In order to achieve more complete analyses, gas chromatography is used along with mass spectrometry (to make gas chromatography/mass spectrometry, or GCMS), with infrared spectrometry (to make gas chromatography/infrared spectrometry, or GCIR), and with isotope ratio mass spectrometry (to make gas chromatography/isotope ratio mass spectrometry, or GSIRMS).

=== Pyrolysis ===
While the crude oil from a petroleum source rock is easily separated using gas chromatography and gas chromatography/mass spectrometry, the organic matter found is not soluble in the solvents used in these techniques, and thus cannot be properly analysed. Pyrolysis is used to characterise kerogens (insoluble hydrocarbons) and asphaltenes (limited solubility in common solvents). There are multiple methods of pyrolysis; fingerprinting methods - which use flash pyrolysis or rapid temperature-programmed pyrolysis - involve rapid transfer of the product to the gas chromatography tower. Rock-Eval is a commonly used process to determine the content of the source rock. Hydrous pyrolysis is performed within water and in high pressures; this method can simulate different depths of burial, demonstrating the possibilities of the fate of the source rock and the associated patroleum.

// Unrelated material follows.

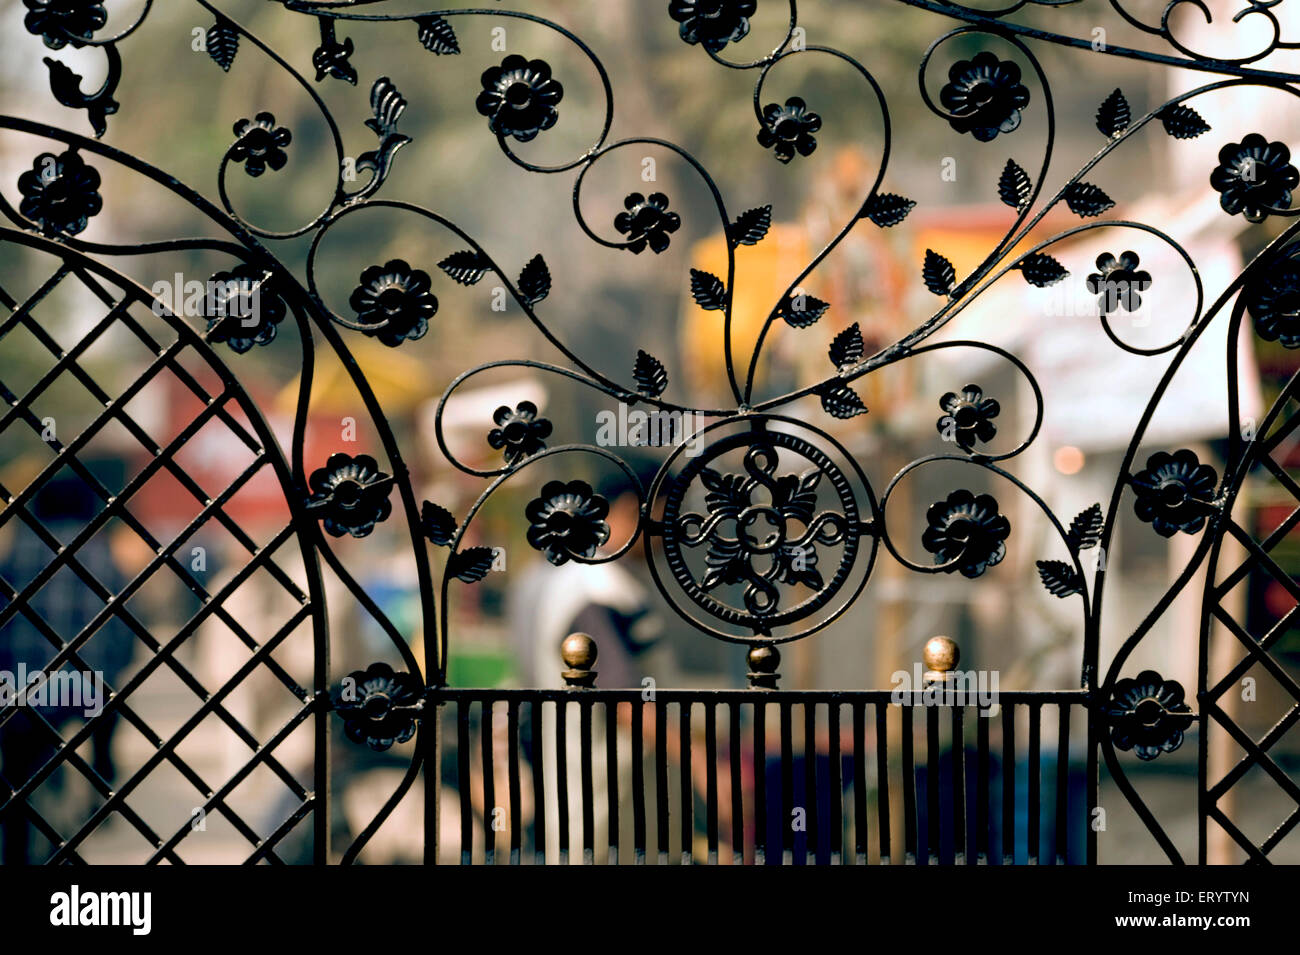 Cancello decorativo in ferro battuto, calcutta, kolkata, Bengala Occidentale, India, asia Foto Stock

=== Measurement of stable isotopes ===
The bulk isotope ratio value of stable isotopes for petroleum depict the average isotopic compositions of the oil's components. Carbon stable isotopes are often used in this method. Whether a sample of petroleum originated in a marine environment or a non-marine environment can be seen using this ratio value, as can method distance and age of the oil.

=== Biological markers ===
With credit to the previously listed techniques, biomarkers were found in petroleum and source rock extract. These are fossils from organisms, but are closer in size to molecules than to visible hand samples. They display the same structure as their parent biomolecules and are used in the identification of the organic matter from which the petroleum is derived. Biomarkers are also used in correlating oils and source rocks, finding the oil's maturity, regional differences found between multiple samples, and the history of the basin in which the source rock was located.

=== Correlation ===
Before the use of gas chromatography-mass spectrometry and biomarkers, correlation of locations' geology was used to find how different formations relate to each other and to their environment. Oil-oil correlations (comparing petroleum to other oil found locally or in other areas) and oil-source correlations (comparing petroleum and its source) were performed; infrared spectrometry, refractive indices, solvent extractable organic matter, compound class distribution, and elemental analysis are all methods of doing oil-source correlations.